Thank you guys in advance!


----------



## chumslam (Aug 3, 2014)

Also what would be a good way to use the leftovers? I have a few ideas but would love to hear some new ones!


----------



## gabissmokeshack (Aug 5, 2014)

Brisket makes great Chili

Sausage I like to use in Chicken & sausage Gumbo or Red Beans and rice

pork is great in beans


----------



## timstalltaletav (Aug 5, 2014)

I second the brisket chili.  It's about the only way I make it anymore.  Everyone seems to love when I throw small cubes of burnt ends in the chili.


----------



## worktogthr (Aug 5, 2014)

Never in the  restaurant business so I can't help you with the timing but it's an obsession of mine to repurpose leftovers.  Any bbq meat goes great in chili like mentioned above.  Stuffed peppers would be great too.  Replace the ground meat with bbq meat and the possibilities are endless.  Maybe ABTs as an app?  I also use a lot of smoked meats to stuff fatties.  Perhaps that can be a special when you have a lot of leftovers.  One of my favorites is to chop smoked brisket up really fine and fry them on the flattop with some onions to make smoked Philly cheesesteaks. I imagine the same can be done with pulled pork at hasn't been sauced.  Bbq spaghetti would be another dish that would work and people  might be intrigued by it.  Leftover ribs and/or the tips can be used for bake beans or chili.  Make bbq grilled cheeses a special.  Bbq stuffed empanadas.  Haha I am rambling now but the possibilities truly are endless and I know this because in my 12 or so years of cooking as a hobby and necessity, I never throw out anything.


----------



## chumslam (Aug 5, 2014)

Great ideas! Post more please, i love the ingenuity of leftovers! also im located in the northeast!

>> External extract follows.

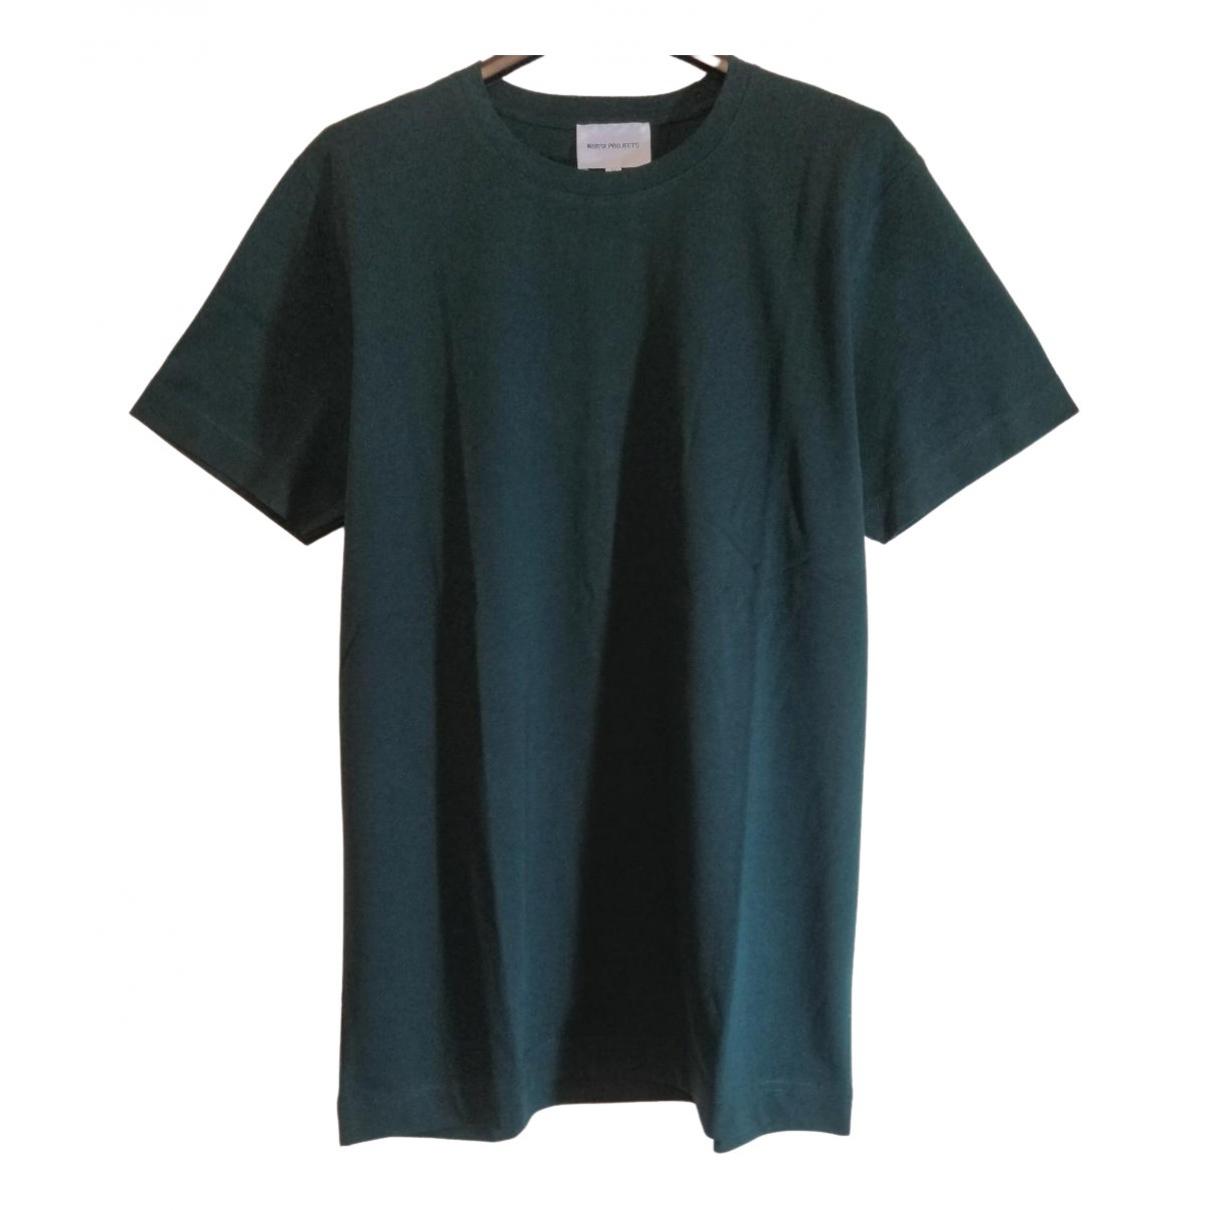 Norse Projects - Tee shirts   pour homme en coton - vert

thank you thank you thank you!


----------



## worktogthr (Aug 5, 2014)

ChumSlam said:


> Great ideas! Post more please, i love the ingenuity of leftovers! also im located in the northeast!
> 
> thank you thank you thank you!



No problem!  Here's a few more I've done:

Pulled pork tacos
Brisket  and blue cheese paninis with carmalized onions
Smoked meat Mac and cheese
Pulled pork shepards  pie
Smoked chicken salad
Bbq chicken pizza.

You mentioned that you did pizzas, so smoked meat goes great on pizza or stuffed into a Stromboli.  

Where is your restaurant located,  if I'm ever in the area, will check it out.


----------



## chumslam (Aug 5, 2014)

Great ideas thank you!

We are in newark delaware, pm me for specifics!


----------



## welshrarebit (Aug 5, 2014)

Pulled pork risotto with mushrooms and truffle oil! We serve this as a special sometimes and  it always sells out fast.


----------